Interesting conjecture about integrals.

Question

My question is whether following conjecture is true:

If $f: \>{\mathbb R}_{\geq0}\to{\mathbb R}$ is continuous, and $\lim_{x\to\infty}\bigl|f(x)\bigr|=\infty$, then $$\lim_{x\to\infty}{1\over x}\int_0^x\bigl|\sin(f(t))\bigr|\>dt={2\over\pi}\ .$$

In other words it says that average value of function $|\sin(f(t))|$ from $0$ to infinity is equal to average value of $|\sin(t)|$ from $0$ to infinity (which is $\frac{2}{\pi}$), when $f(t)$ satisfies conditions shown above.

I don't know how to prove it. I've checked it numerically for few cases using desmos. There is problem with proving it for single cases, because the integral $\int_0^x|\sin(f(t))|dt$ is almost always very hard to calculate and requires using special functions like Fresnel S integral.

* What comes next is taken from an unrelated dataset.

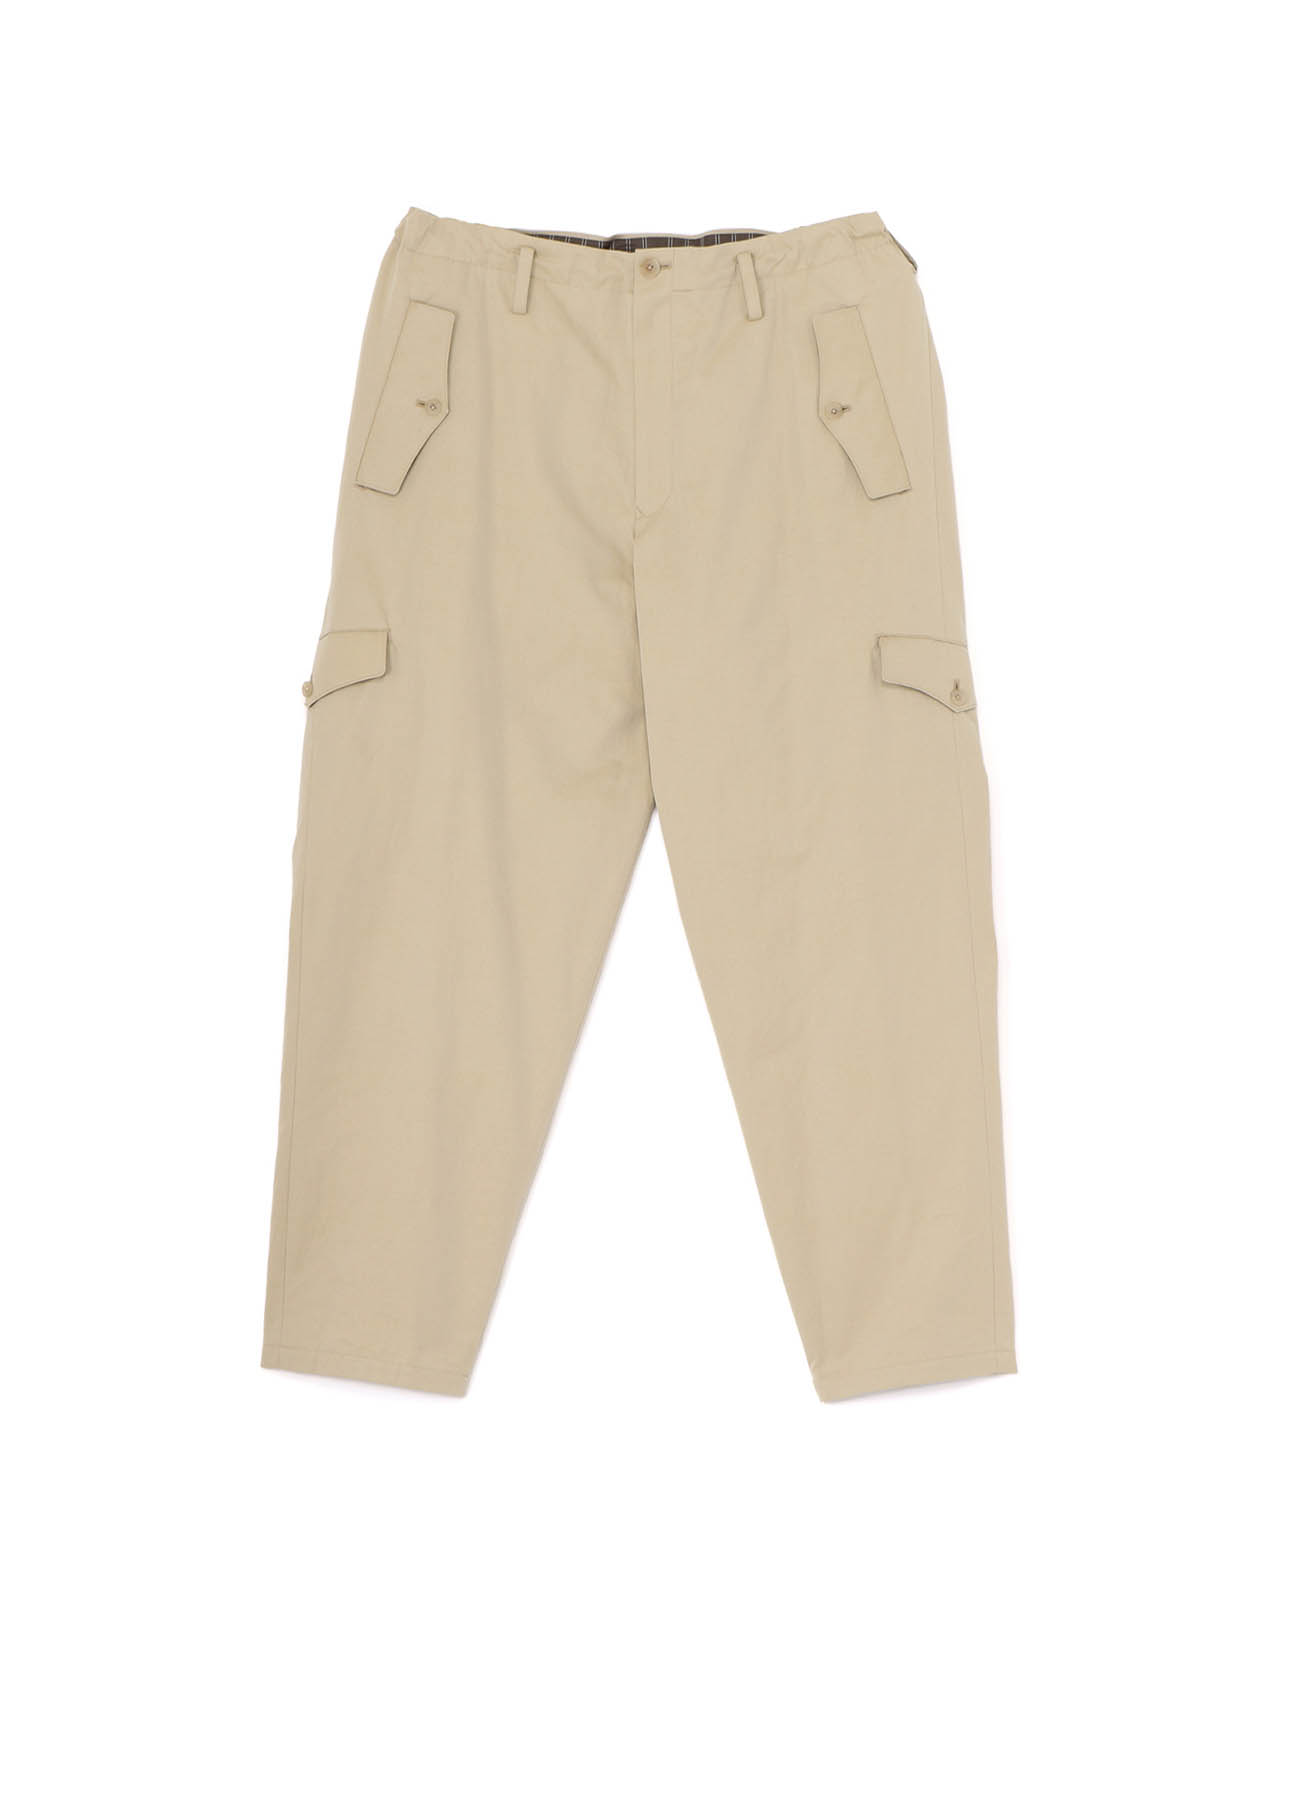 COTTON BURBERRY PANTS WITH FLAP POCKET
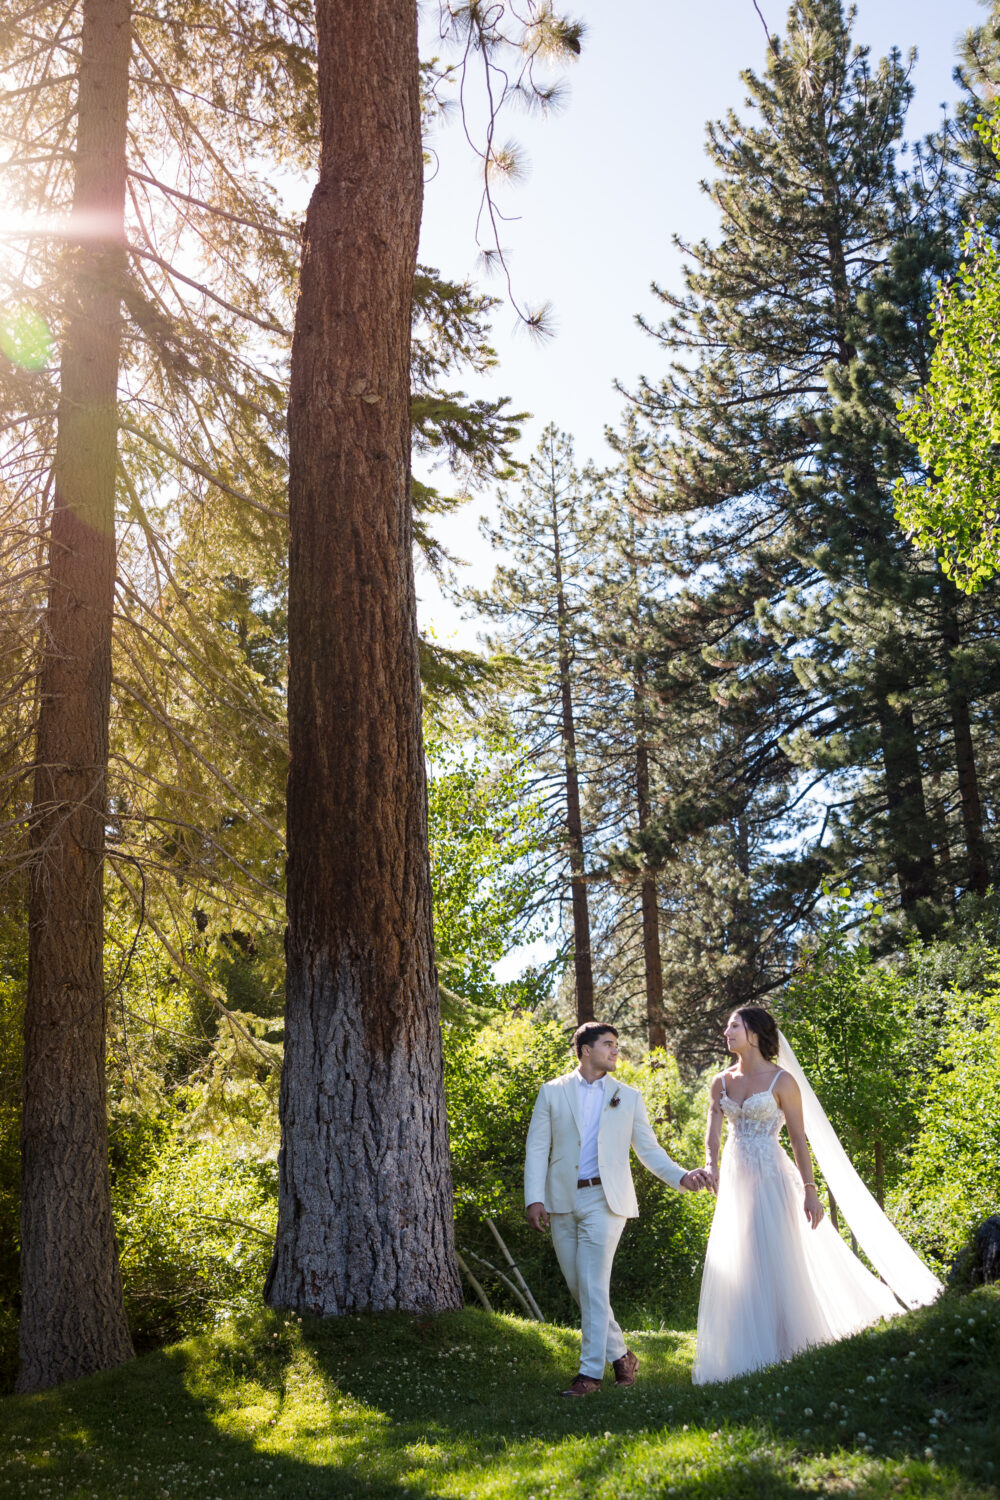 The bride and groom take a walk for their sunset photos at Aspen Grove in Incline Village.

If you have any ideas, how to prove it, please let me know.

Thanks for all the help.

Answer 1

The conjecture is not true. Let $f$ be a continuous approximation to the step function $\pi\lfloor x\rfloor$, where the portions of the curve that connect consecutive horizontal steps get steeper and steeper as $x\to\infty$ in a way that the total length of the intervals where $f(x)$ is not an integer multiple of $\pi$ is finite. Then $\lim_{x\to\infty}{1\over x}\int_0^x|\sin(f(t))|\,dt=0$, not $2/\pi$.

Answer 2

No, this conjecture is not true. Consider a continuous function such that $f(x) = 2\pi n$ for $x\in [n+1/n^2, n+1]$. Then we get for $n\leq x \leq n+1$ $$ \frac{1}{x} \int_0^x \vert \sin(f(t)) \vert dt \leq \frac{1}{n} \sum_{k=1}^\infty \int_{k}^{k+1/k^2} \vert \sin(f(t)) \vert dt \leq \frac{1}{n} \sum_{k\geq 1} \frac{1}{k^2} \rightarrow 0 $$ for $n\rightarrow \infty$.